- What the exercise asks -
In the material below, write out each line word for word and omit the pictures.

- Data provided -
=== Begin Enclosure ===

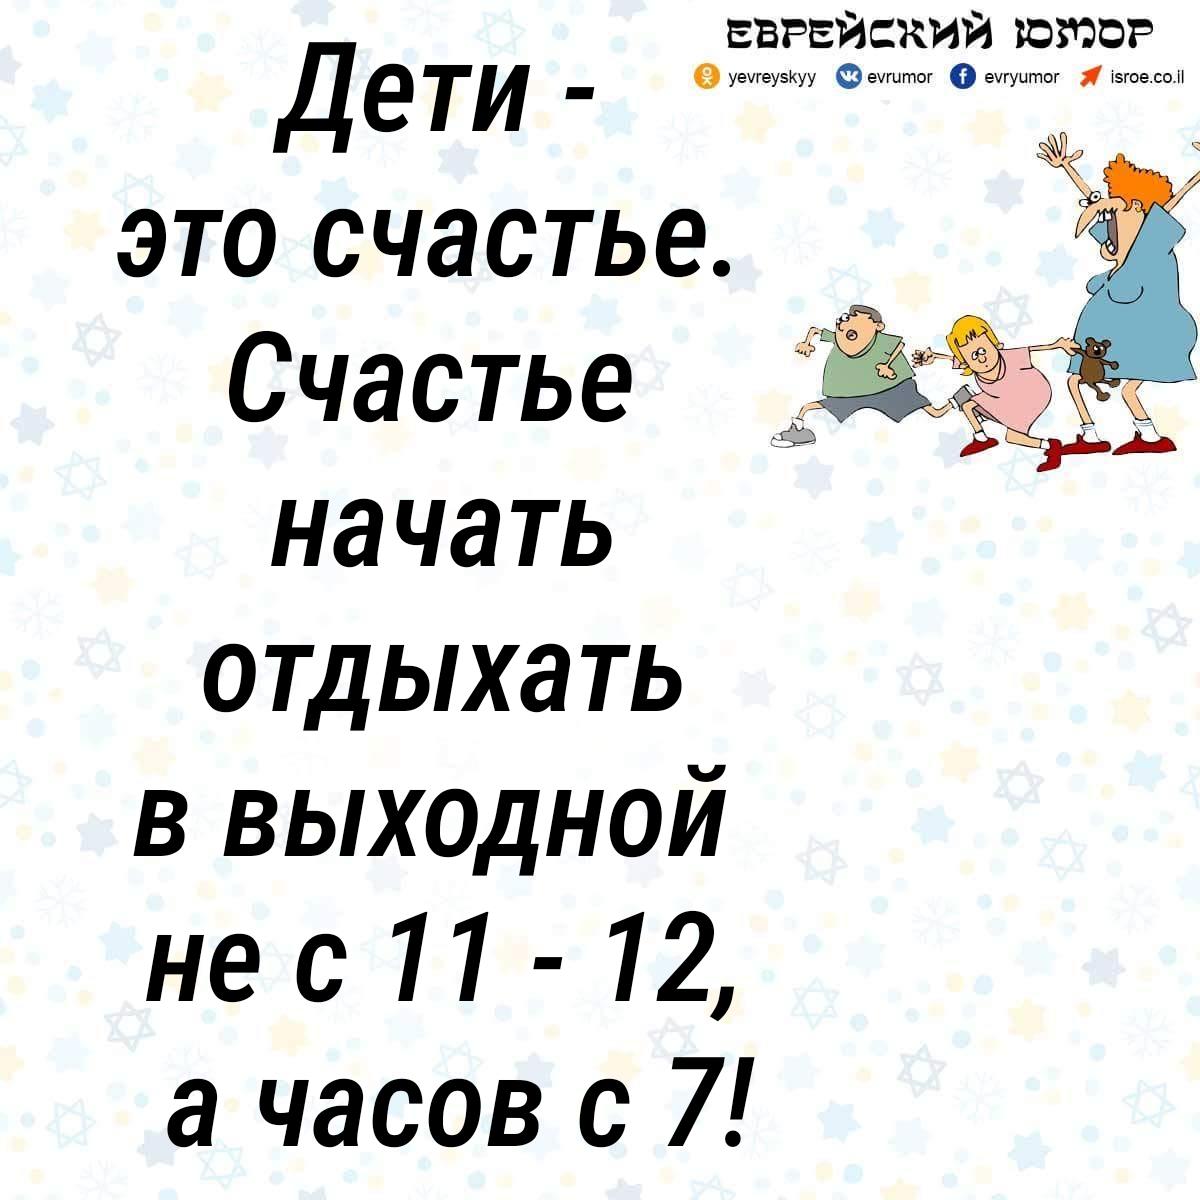 Еврейский юмор. Одесский анекдот. Дети
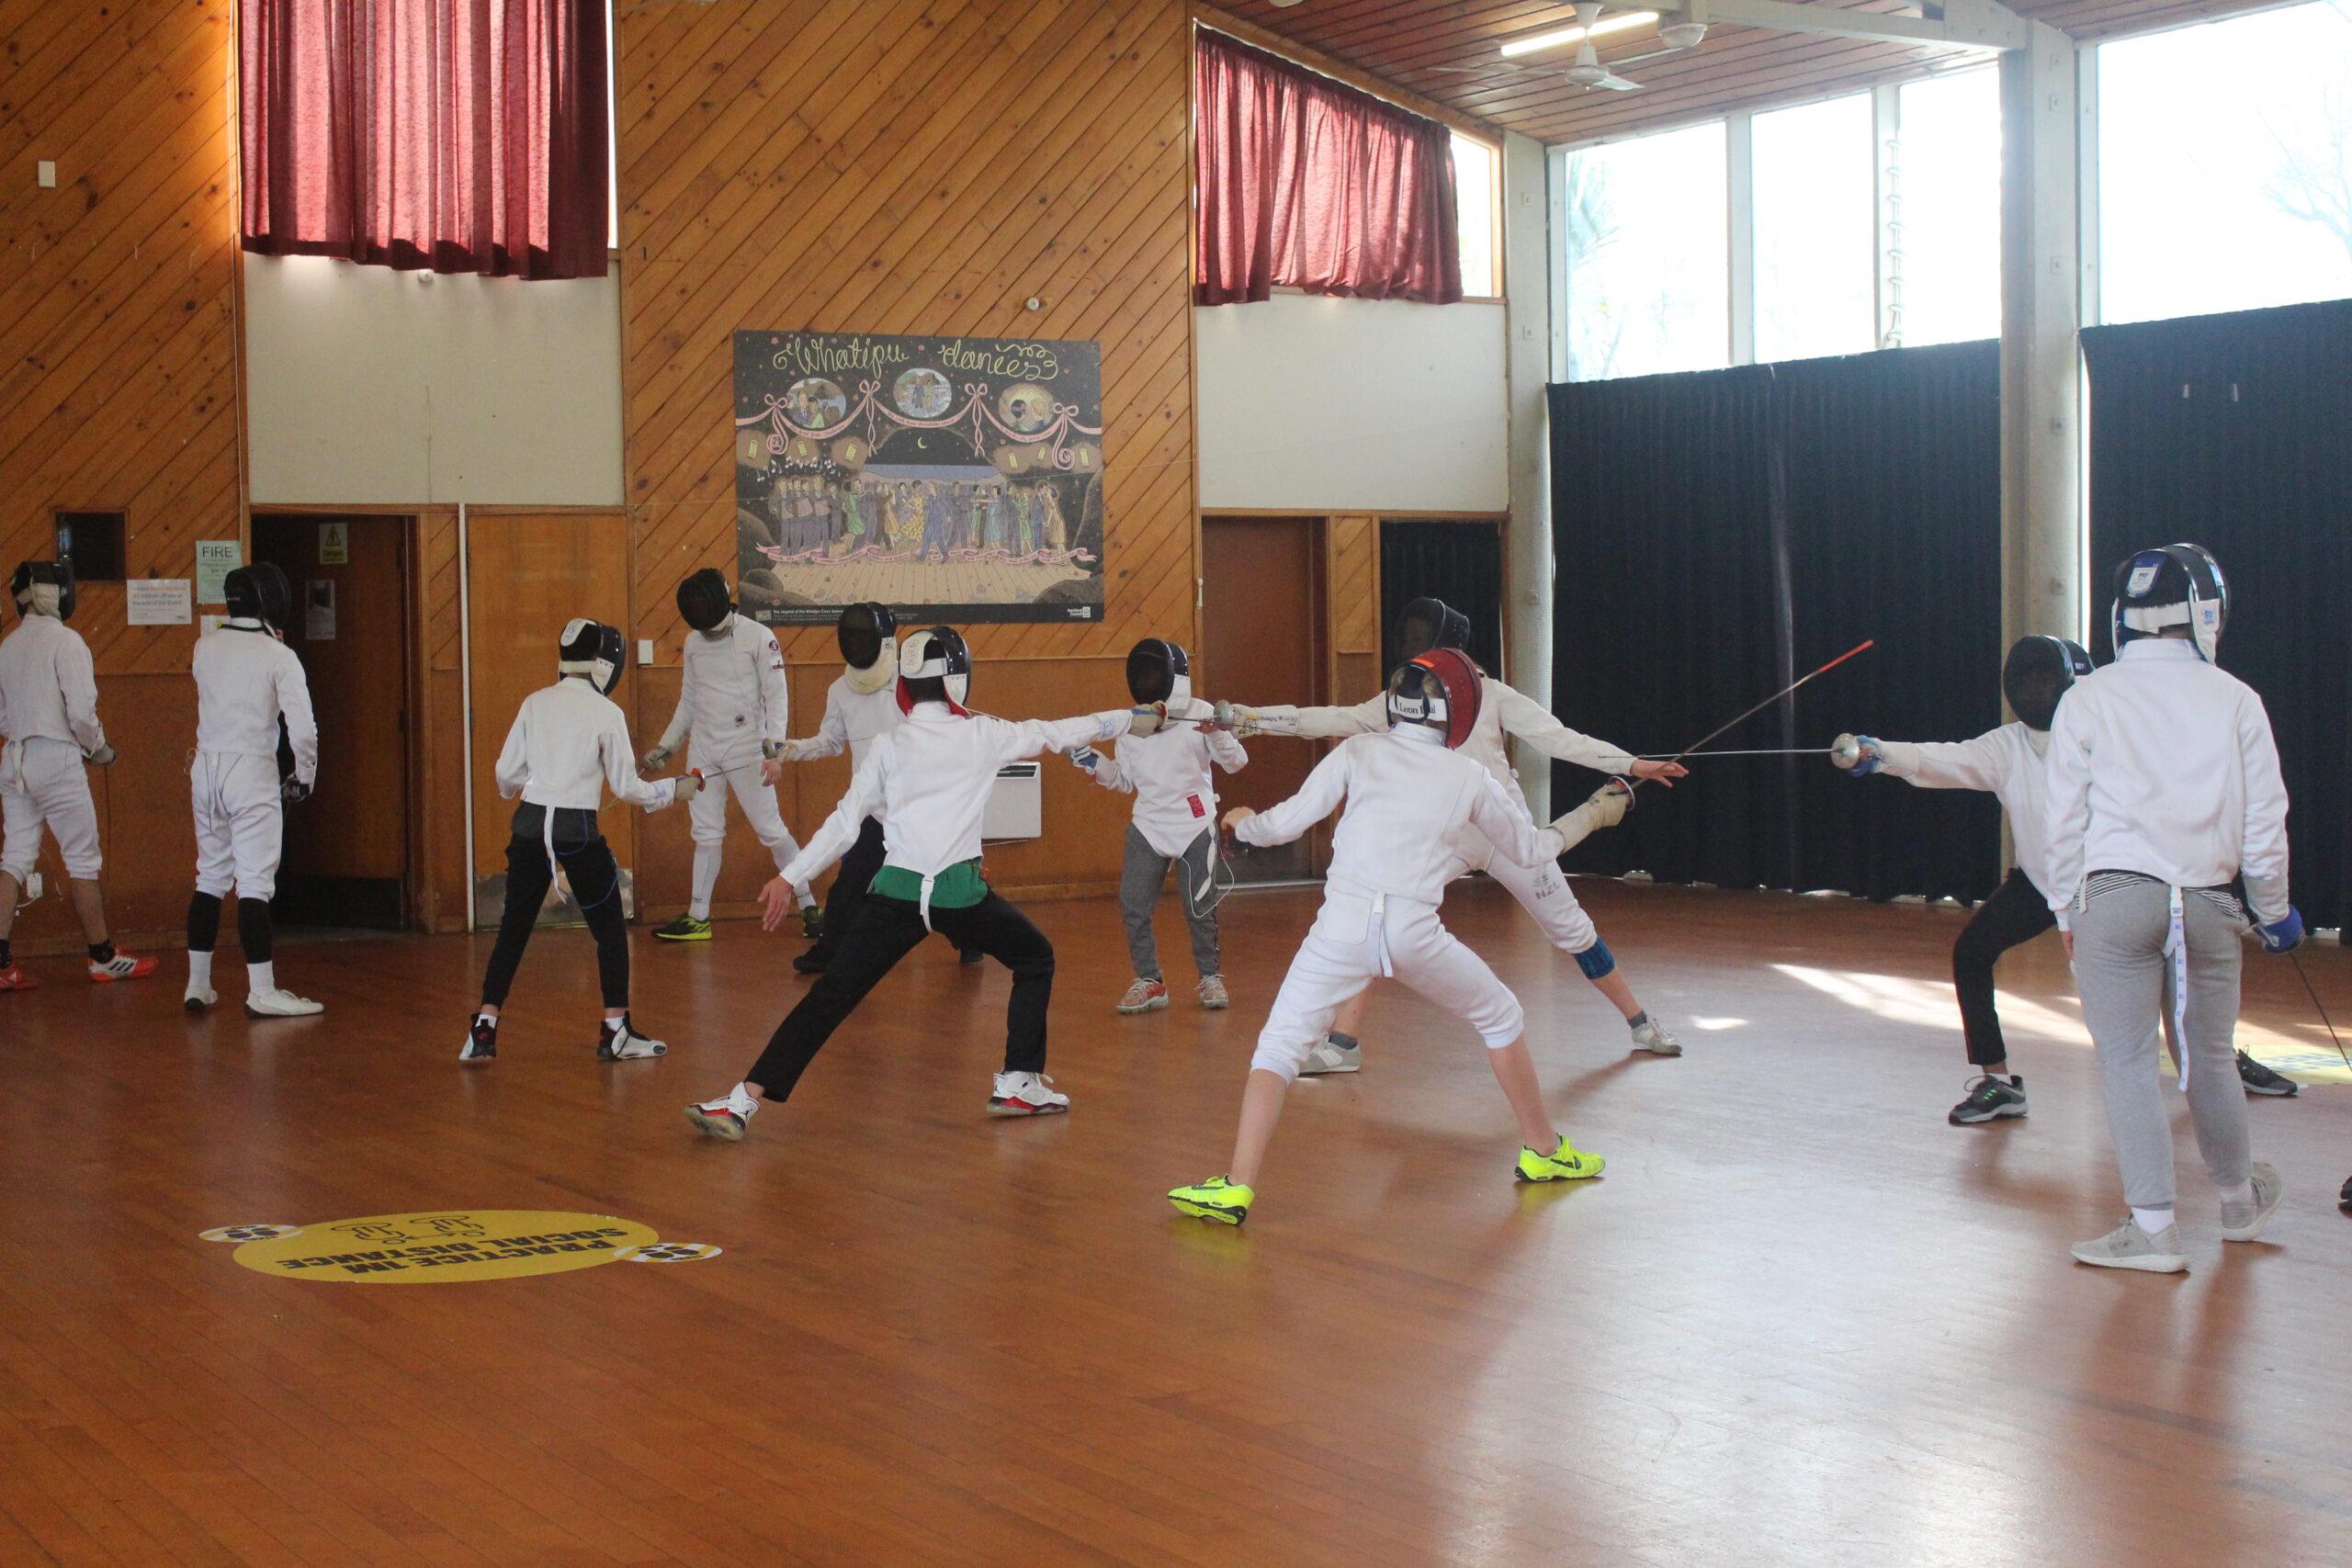 Fencing camp
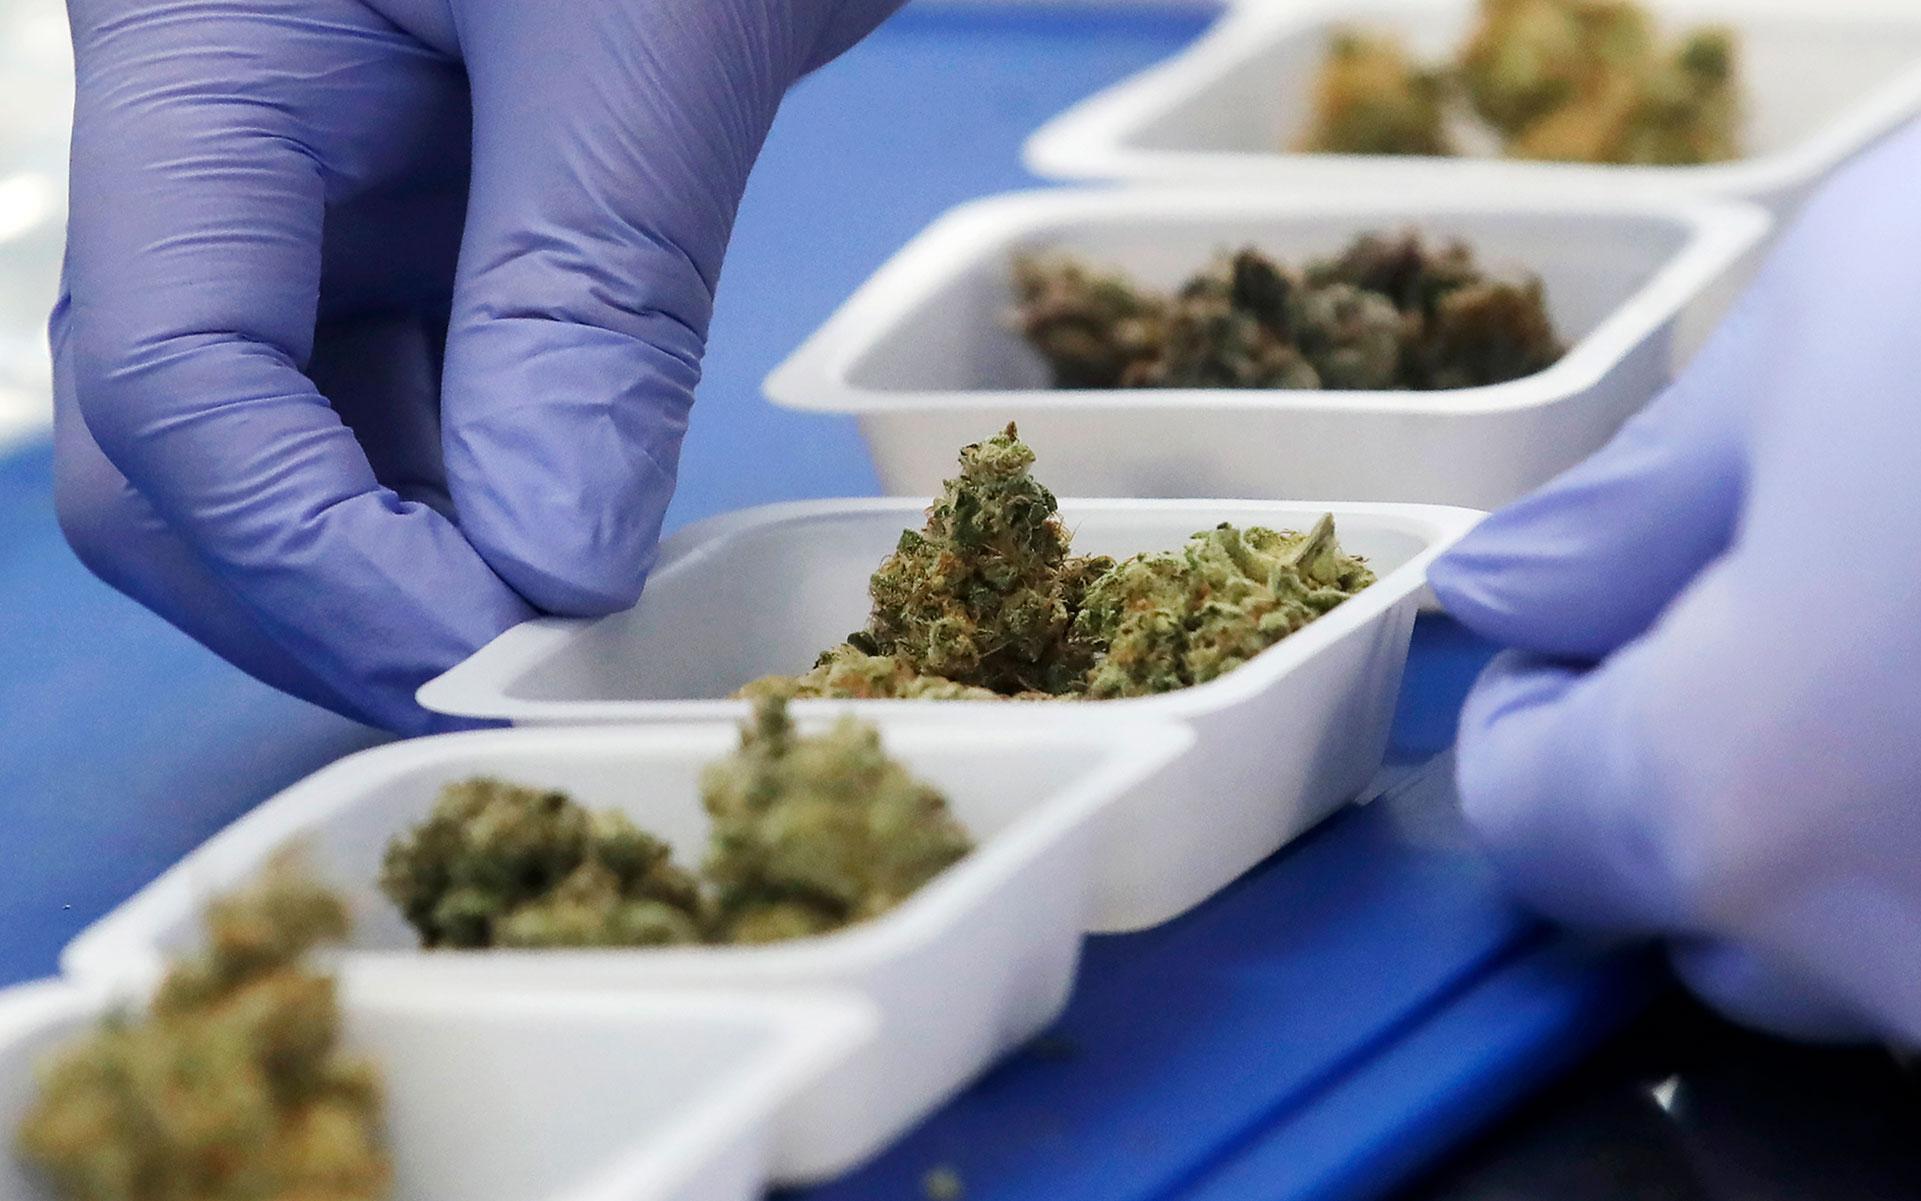 Aceleran el desarrollo de un tratamiento con cannabis para mitigar el COVID-19

=== End Enclosure ===

- Response to the task -
 Еврейский юмор. Одесский анекдот. Дети
 Fencing camp
 Aceleran el desarrollo de un tratamiento con cannabis para mitigar el COVID-19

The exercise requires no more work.